SOURCE DATA Block Start

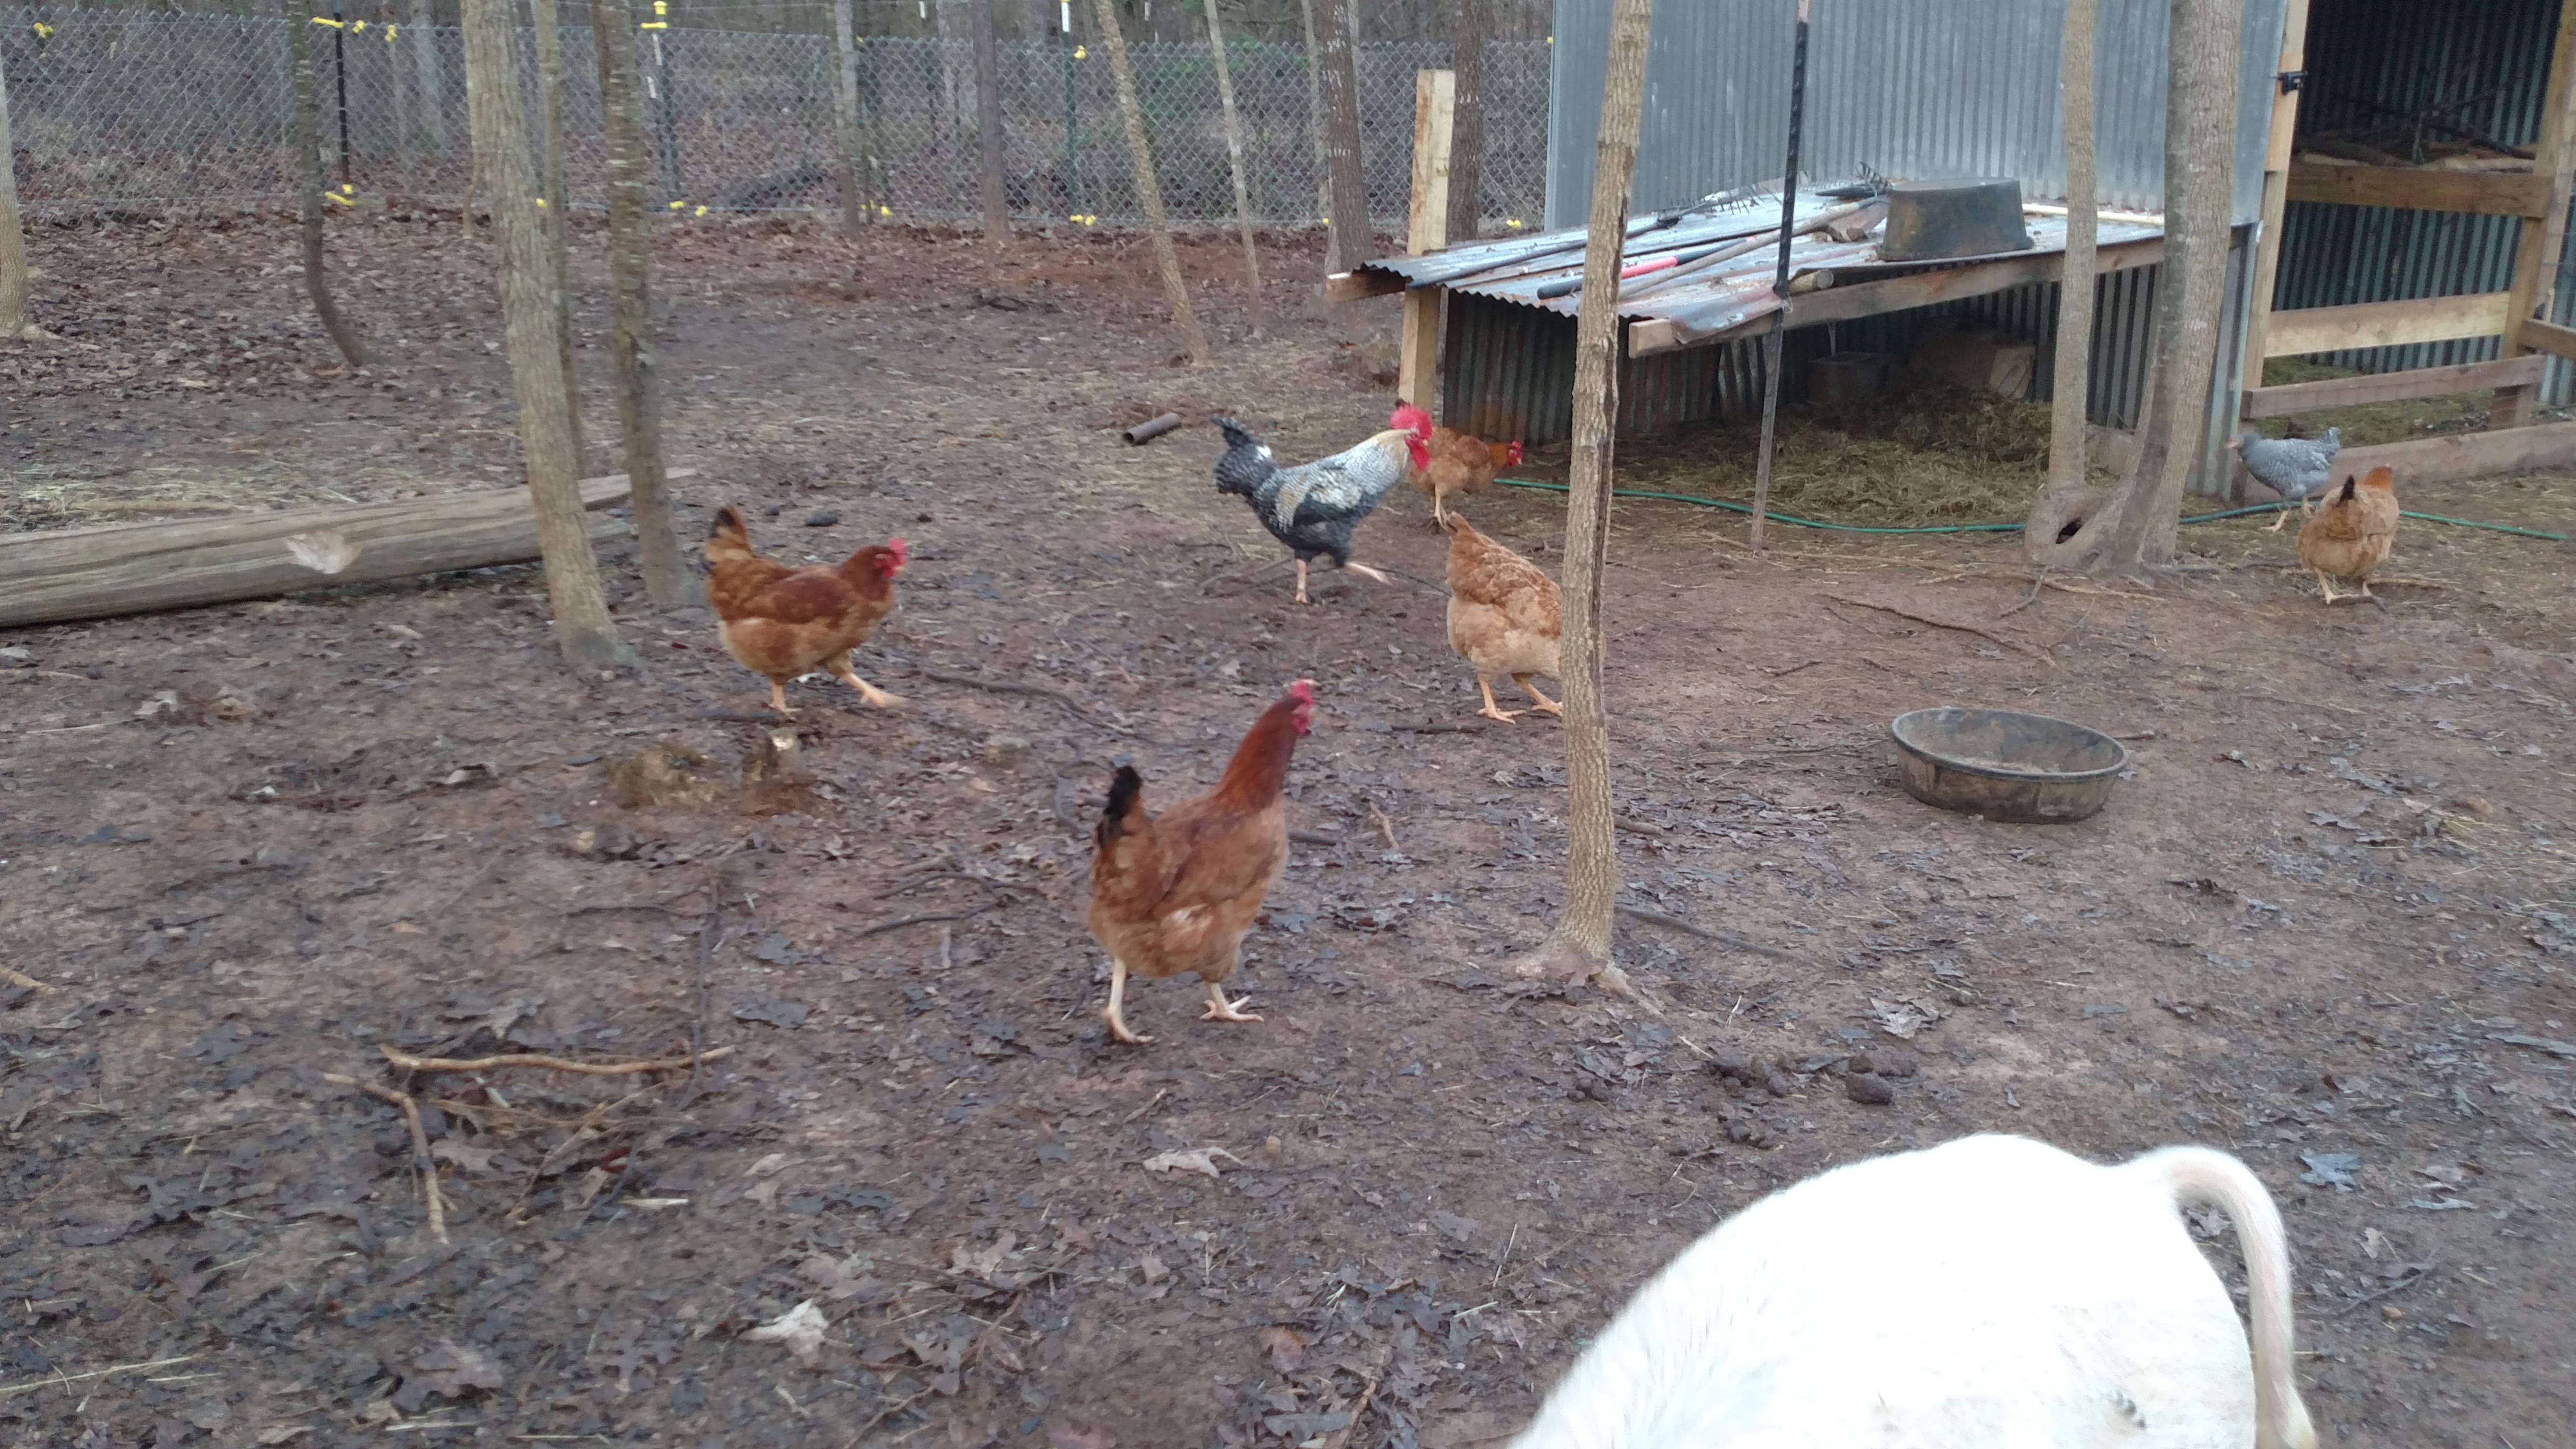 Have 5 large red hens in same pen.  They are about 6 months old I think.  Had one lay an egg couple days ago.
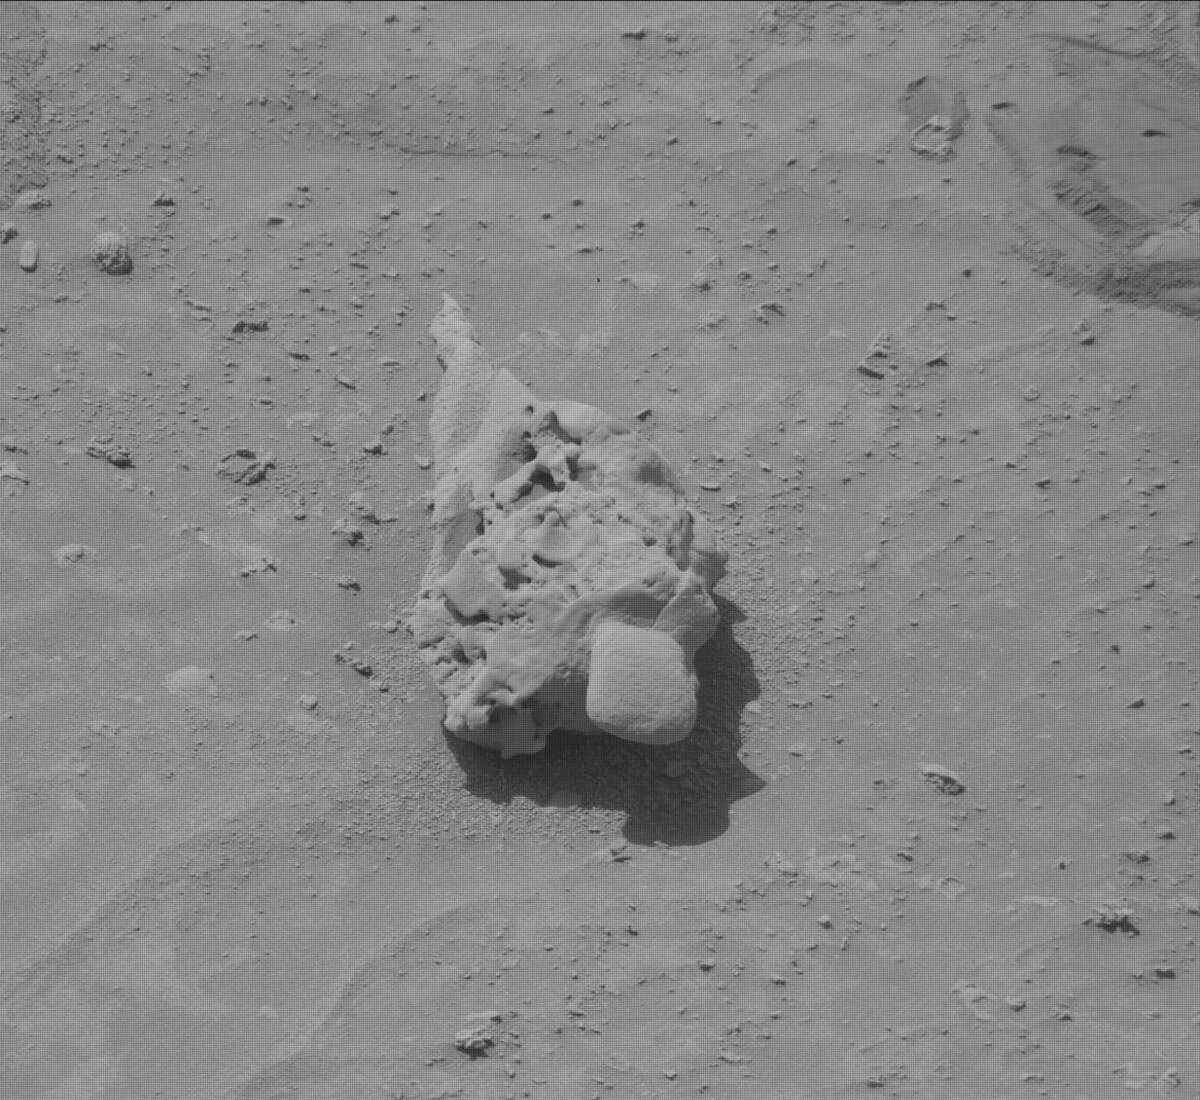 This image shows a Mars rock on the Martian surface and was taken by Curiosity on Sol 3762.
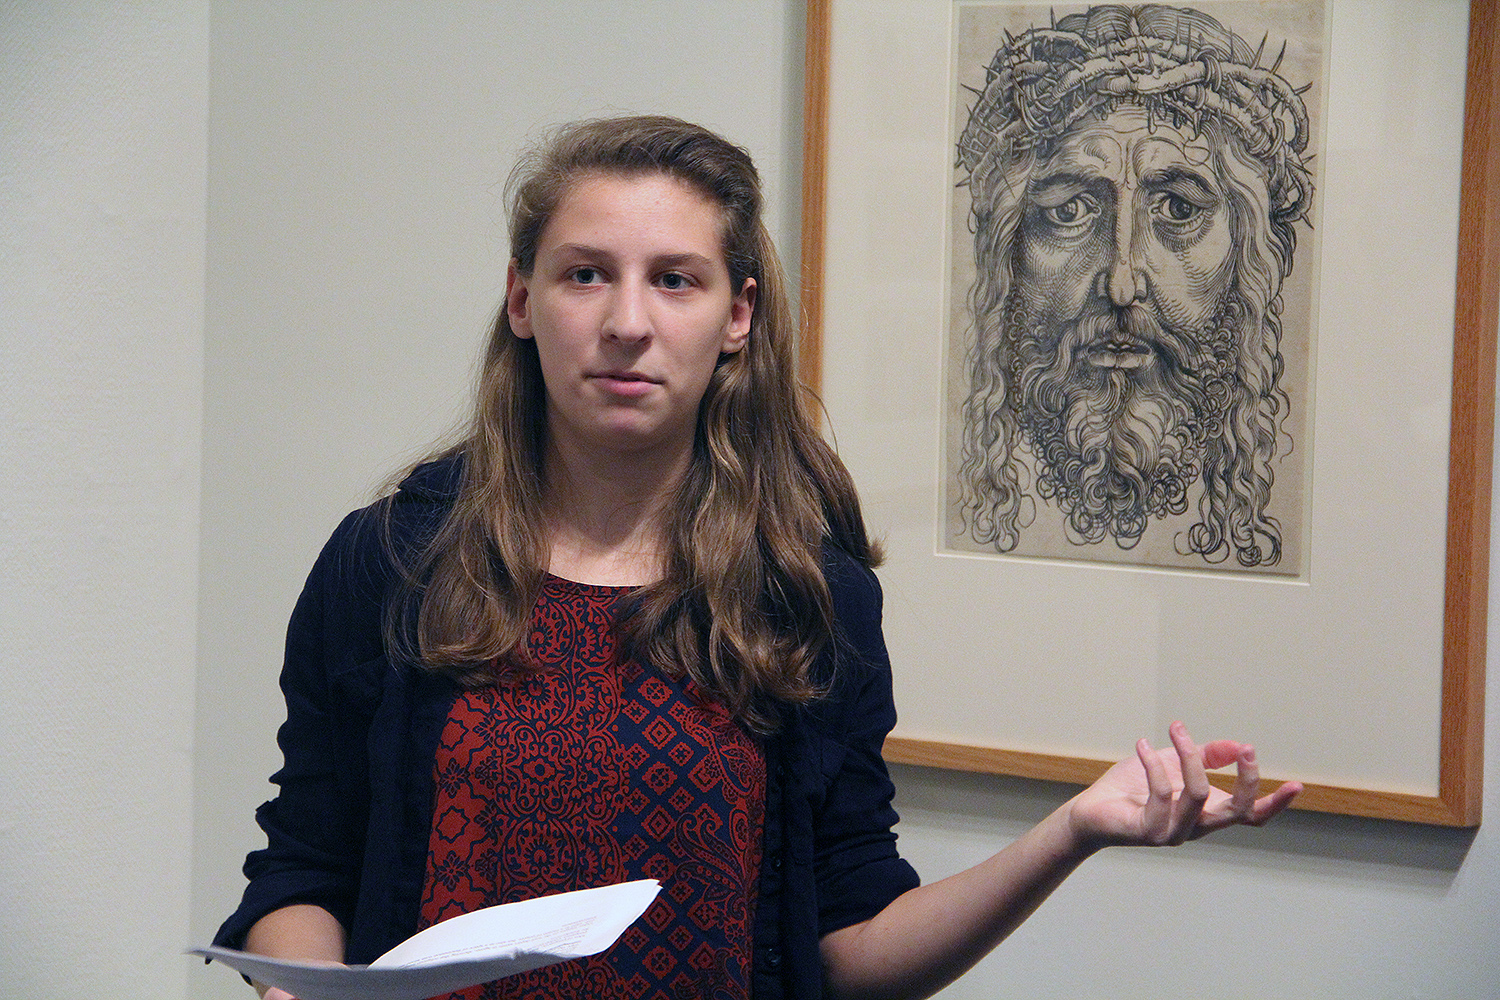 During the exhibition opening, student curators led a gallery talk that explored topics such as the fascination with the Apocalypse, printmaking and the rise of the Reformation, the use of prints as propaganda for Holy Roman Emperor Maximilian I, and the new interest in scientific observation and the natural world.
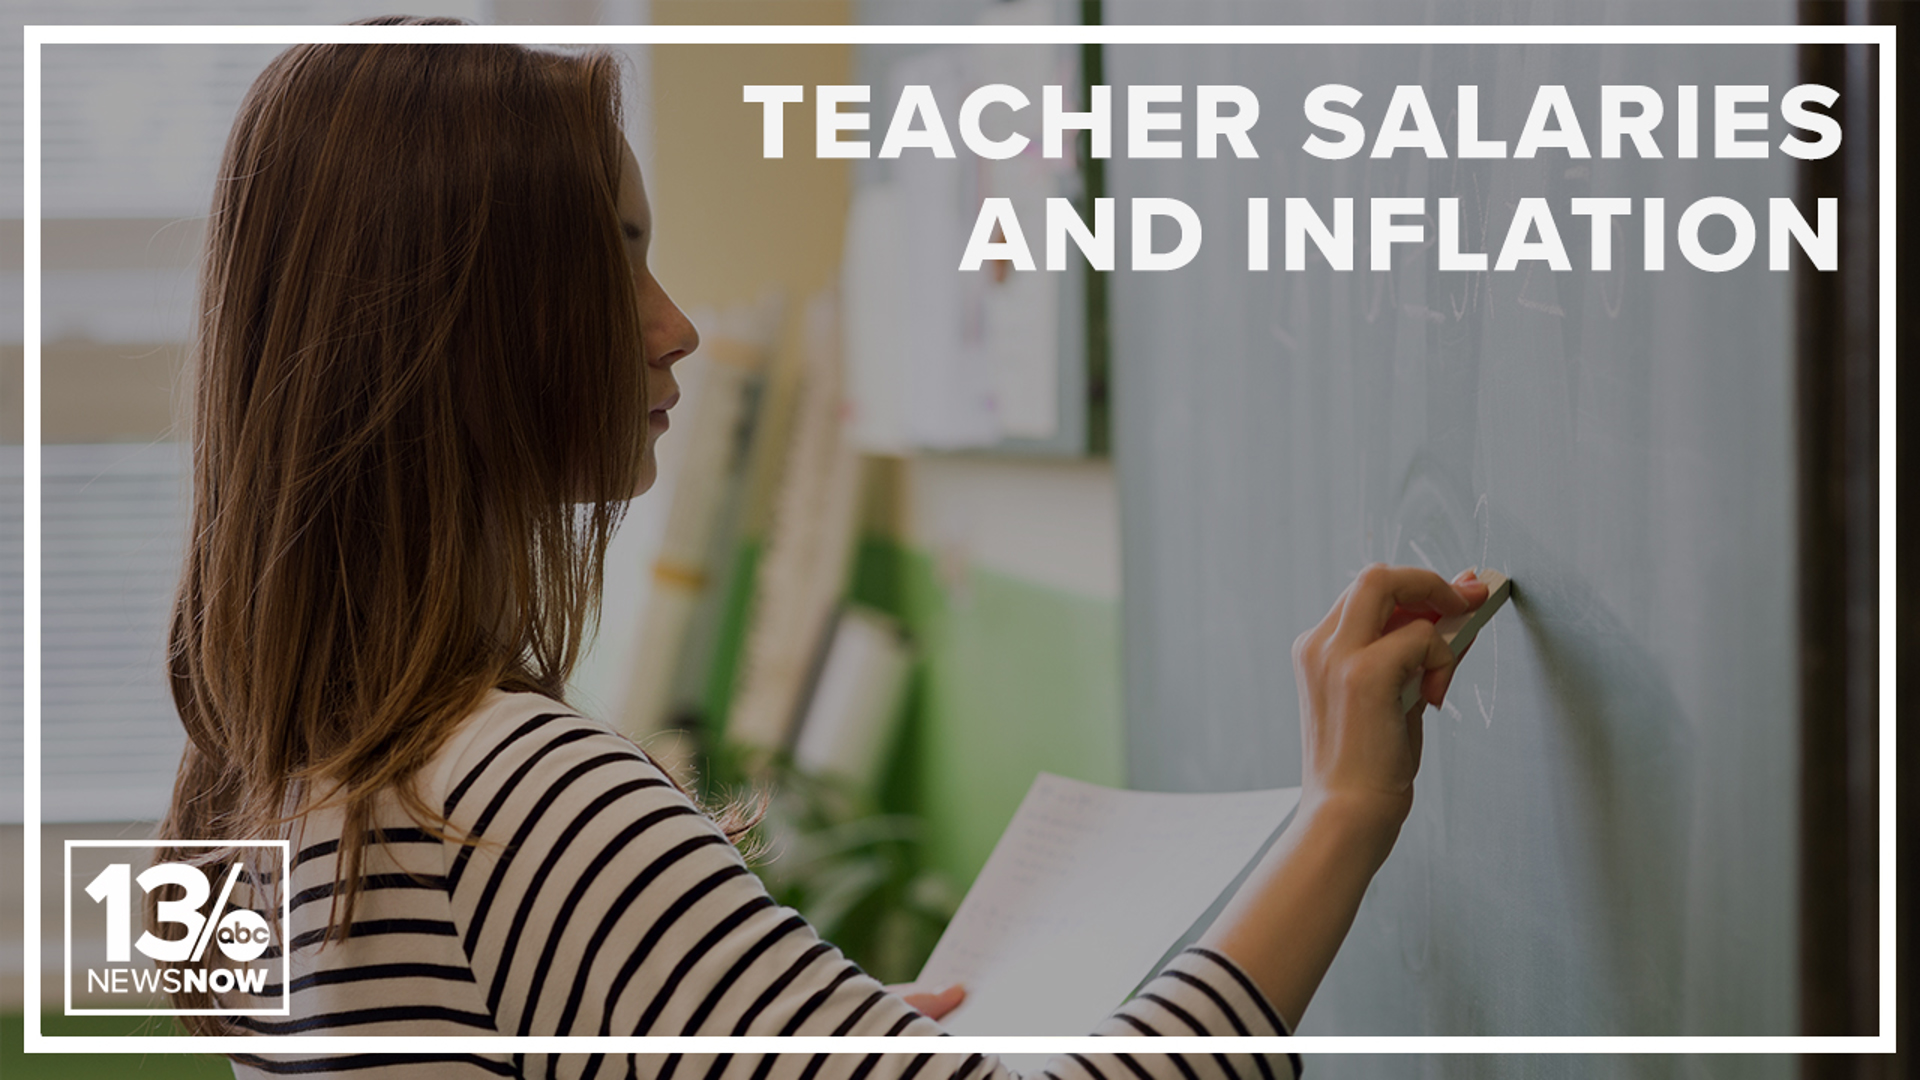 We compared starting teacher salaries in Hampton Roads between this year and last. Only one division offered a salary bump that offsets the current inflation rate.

SOURCE DATA Block End

The required output is an exact copy of the lines from the start of the material above through the line containing "This image shows", inclusive, with no pictures in it.

**TASK RESPONSE:**
 Have 5 large red hens in same pen.  They are about 6 months old I think.  Had one lay an egg couple days ago.
 This image shows a Mars rock on the Martian surface and was taken by Curiosity on Sol 3762.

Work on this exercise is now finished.